Mary Queen of Scots (2018)

Mary Queen of Scots (2018)

2018 | 125 Minutes

Drama | History

Mary Stuart attempts to overthrow her cousin Elizabeth I, Queen of England, only to find herself condemned to years of imprisonment before facing execution.

Overall Rating

6 / 10
Verdict: Good

User Review

  • Mary Queen of Scots delivers uneven historical thrills but with regal performances. Artistic licence, the distortion of facts and alteration of events, should only be used to change small details for dramatic purposes. When the whole film builds up to an event that never actually took place, well you immediately start to doubt the legitimacy of what preceded it. Such is the case with this period drama. History becomes far too twisted and what was a biographical depiction of an empowering woman has now become a fictional tale of courtly politics. Despite its inaccuracies and disjointed narrative structure, there are many elements that do work and give life to the Scottish highlands that surrounds Mary. Chronicling the "Rising of the North", this drama depicts the life of Mary Stuart as she struggles to maintain control of Scotland whilst also deposing Queen Elizabeth so that she can be succeeded by Mary.
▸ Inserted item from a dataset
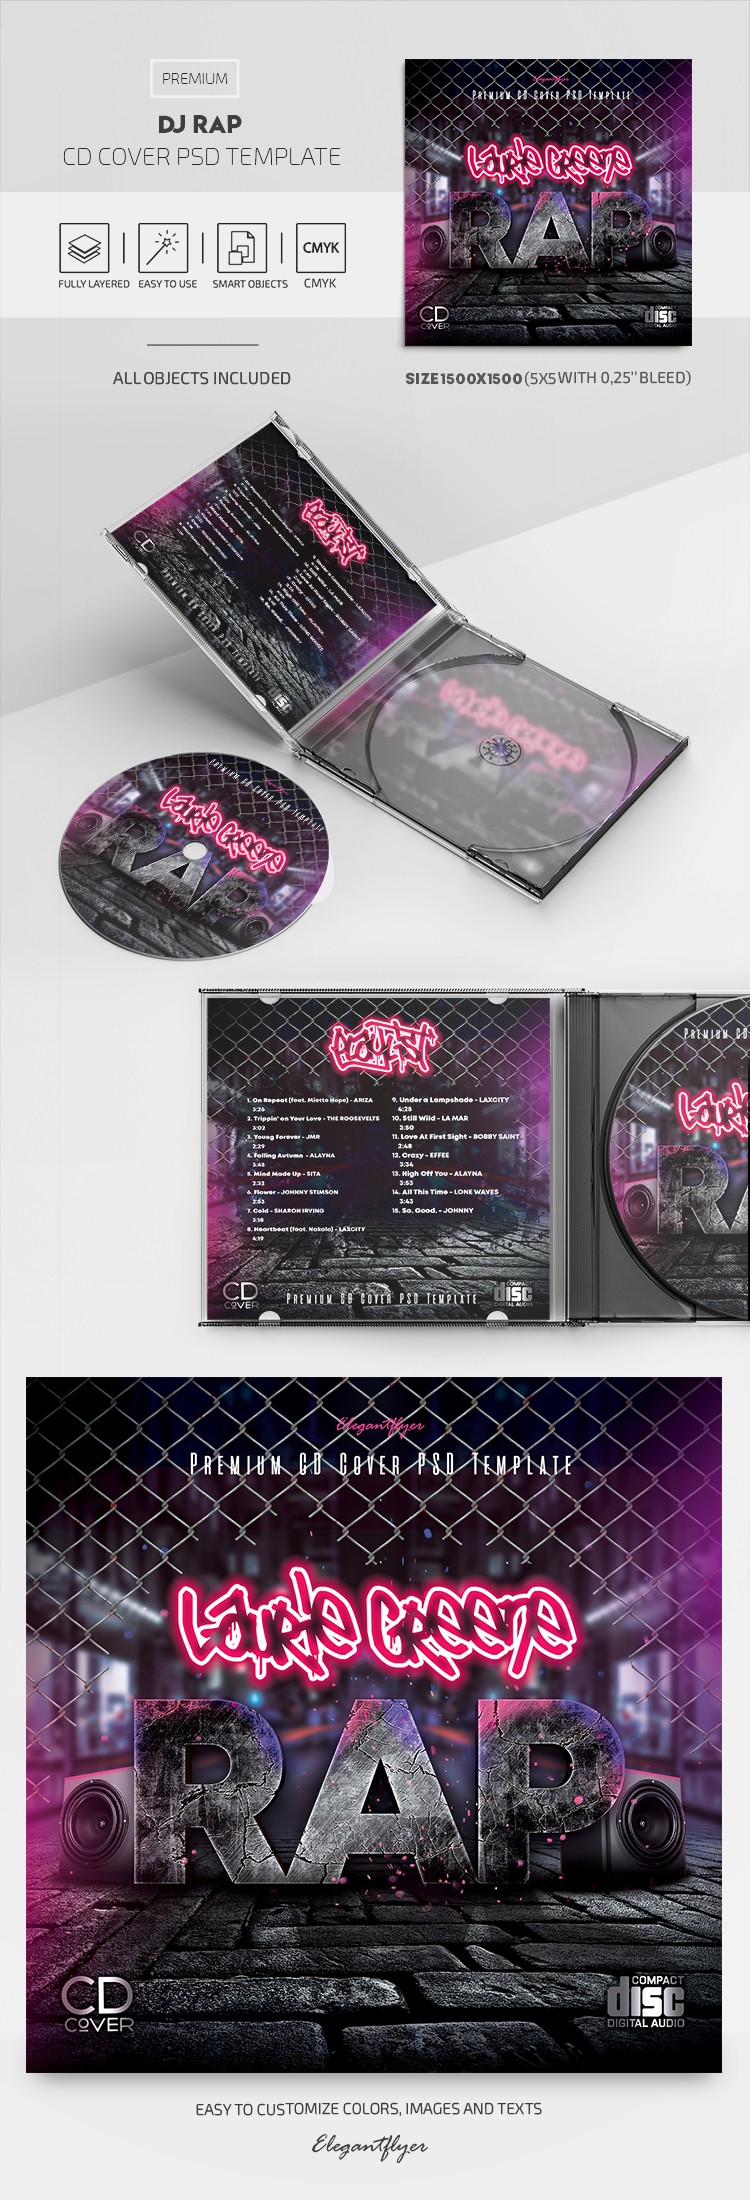 DJ Rap CD封面 by ElegantFlyer

    A rivalry between cousins, a battle between Christian denominations and the most epic slow-motion birthing scene to ever grace the big screen. It contains all the ingredients of a traditional regal drama. Two incredibly powerful central performances. Ronan goes full 'Braveheart' and twists her Irish native tongue to a consistently good Scottish accent. However it is her commanding presence that truly captivates. She never needed to shout or rage to warrant power, her sharp quiet voice was enough to pierce her enemies. She gave life to Mary and at times made her an empowering figure within a court dominated by men. Robbie, who played Elizabeth, definitely went through more of a physical transformation. Occasionally she did overact, yet she managed to replicate the envious mannerisms that Elizabeth had for Mary. Pearce and Tennant, regardless of their small roles, gave very good performances. Unfortunately, their talents were underused. I have no faults with the central character development. It does take time to connect with them, mostly due to the clinical approach that director Rourke took, but considering it's her directorial debut she does eventually get there. Mathieson's cinematography was beautiful and fully embraced the 16th century Scottish environment, Rourke produces some gorgeous landscape shots. Richter's score was nuanced for the most part, but a few tracks certainly accentuated the courtly politics that accompanied it. Byrne's costume design was sumptuous and Shircore's extensive range of hair designs were also noteworthy. Everything looked to be set in place for a masterful historical drama. Protestants versus Catholicism, political conspiracies and acts of sodomy. A variety of intriguing, if inaccurate, sub-plots that unfortunately just made the whole ordeal rather underwhelming.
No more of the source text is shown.